Splatoon (Wii U) - ReviewBrent Galietti , posted on 27 May 2015 / 12,402 Views
We know Nintendo for its many intellectual properties, which include critical darlings like Mario and Zelda, and cult classics like F-Zero and Mother. Nintendo could ride on the coattails of these franchises for years and sustain a profitable business model, but the firm isn’t resting on its laurels and, with Splatoon, Nintendo has entered a genre it rarely dabbles in – the competitive shooter. The vivacious artwork, fresh soundtrack, and rocking environments create a new type of shooter experience and it’s one that’s definitely worth your attention.

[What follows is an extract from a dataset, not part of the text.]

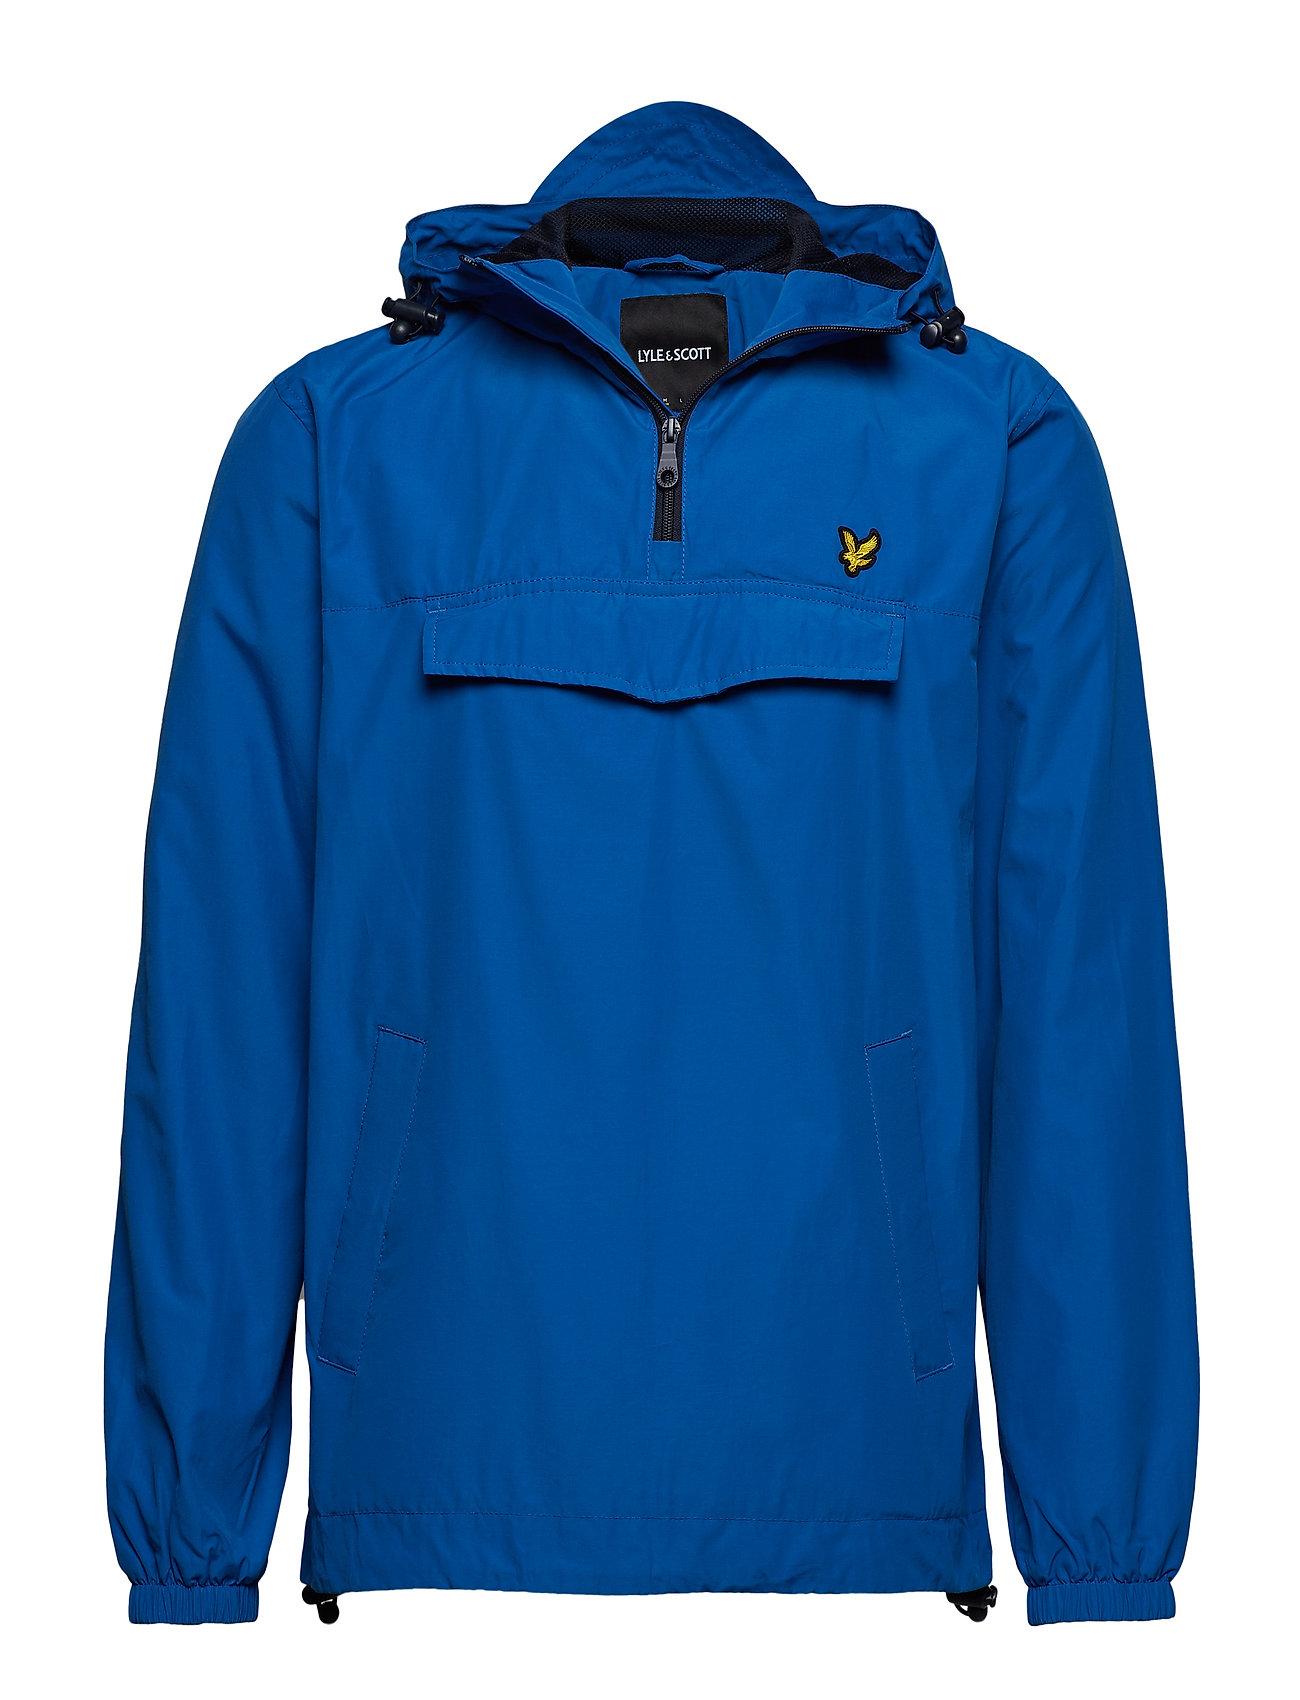 Lyle & Scott Overhead Jacket - LAKE BLUE
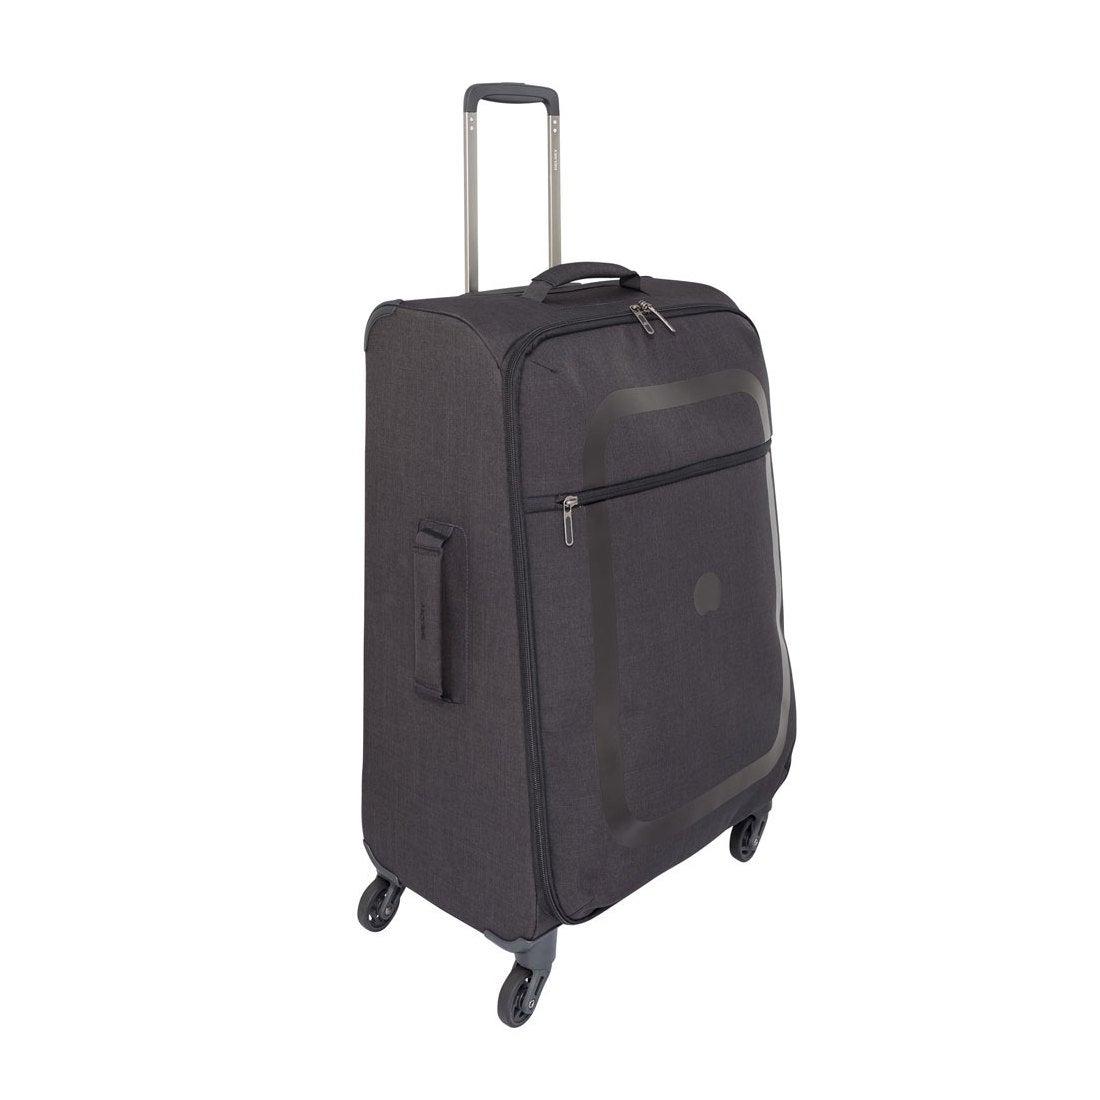 【SAC'S BAR】デルセー DELSEY スーツケース DAUPHINE DDAS-57 57cm ブラック レディース

The crux of Splatoon's gameplay is Turf Wars, a popular sport that all of the inklings are obsessed with. Two teams of four face off in enclosed arenas with the goal of covering as much of the arena in their own ink color as possible. Inkling boys and girls can accomplish this by utilising an advanced arsenal of ink-based weaponry, which I'll cover in more detail a little later.
The obvious way to win the match is to cover the playing field in ink, but this is more challenging than it initially seems. Each team can cover the opponent's ink with their own ink color. Defeating ("Splatting") an opposing inkling causes an ink explosion benefitting the aggressor. When a defeated inkling respawns, they can use super jump to blast all the way across to the map to wherever a teammate is located, getting them right back to inking.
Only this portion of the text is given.